== Work instructions ==
Find the line that contains "текстура, складки, ткань, голубая, светлая" in the entries below. Output it and each later line exactly, and nothing else.

:: The records

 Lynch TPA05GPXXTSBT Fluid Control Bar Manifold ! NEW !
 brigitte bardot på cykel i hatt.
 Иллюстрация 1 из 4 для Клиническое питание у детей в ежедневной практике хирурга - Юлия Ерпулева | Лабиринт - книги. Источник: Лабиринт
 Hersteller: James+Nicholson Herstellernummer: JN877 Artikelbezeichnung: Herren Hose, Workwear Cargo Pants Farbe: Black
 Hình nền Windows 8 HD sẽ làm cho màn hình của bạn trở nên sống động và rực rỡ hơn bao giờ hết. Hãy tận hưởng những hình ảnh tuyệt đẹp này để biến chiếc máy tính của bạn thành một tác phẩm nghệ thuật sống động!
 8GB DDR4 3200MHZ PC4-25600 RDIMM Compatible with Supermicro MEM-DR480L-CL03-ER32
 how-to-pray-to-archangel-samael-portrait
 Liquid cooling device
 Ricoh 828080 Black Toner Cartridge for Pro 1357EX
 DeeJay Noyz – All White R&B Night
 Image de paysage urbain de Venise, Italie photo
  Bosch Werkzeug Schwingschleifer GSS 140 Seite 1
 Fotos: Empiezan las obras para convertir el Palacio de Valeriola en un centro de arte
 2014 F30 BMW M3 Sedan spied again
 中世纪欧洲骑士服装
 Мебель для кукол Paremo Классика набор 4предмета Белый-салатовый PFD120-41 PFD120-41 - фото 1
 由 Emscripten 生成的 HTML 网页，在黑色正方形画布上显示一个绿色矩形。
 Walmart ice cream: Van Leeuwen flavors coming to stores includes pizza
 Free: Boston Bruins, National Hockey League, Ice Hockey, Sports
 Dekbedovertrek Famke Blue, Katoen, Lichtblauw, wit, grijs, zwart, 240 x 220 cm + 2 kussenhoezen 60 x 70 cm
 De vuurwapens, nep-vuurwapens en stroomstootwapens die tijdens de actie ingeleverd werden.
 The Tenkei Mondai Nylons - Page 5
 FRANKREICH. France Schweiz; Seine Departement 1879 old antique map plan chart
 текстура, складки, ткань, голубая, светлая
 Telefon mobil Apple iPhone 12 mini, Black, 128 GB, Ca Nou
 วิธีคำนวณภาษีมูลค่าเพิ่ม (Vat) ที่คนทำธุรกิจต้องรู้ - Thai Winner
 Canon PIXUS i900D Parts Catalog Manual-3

::::

== Answer to this task ==
 текстура, складки, ткань, голубая, светлая
 Telefon mobil Apple iPhone 12 mini, Black, 128 GB, Ca Nou
 วิธีคำนวณภาษีมูลค่าเพิ่ม (Vat) ที่คนทำธุรกิจต้องรู้ - Thai Winner
 Canon PIXUS i900D Parts Catalog Manual-3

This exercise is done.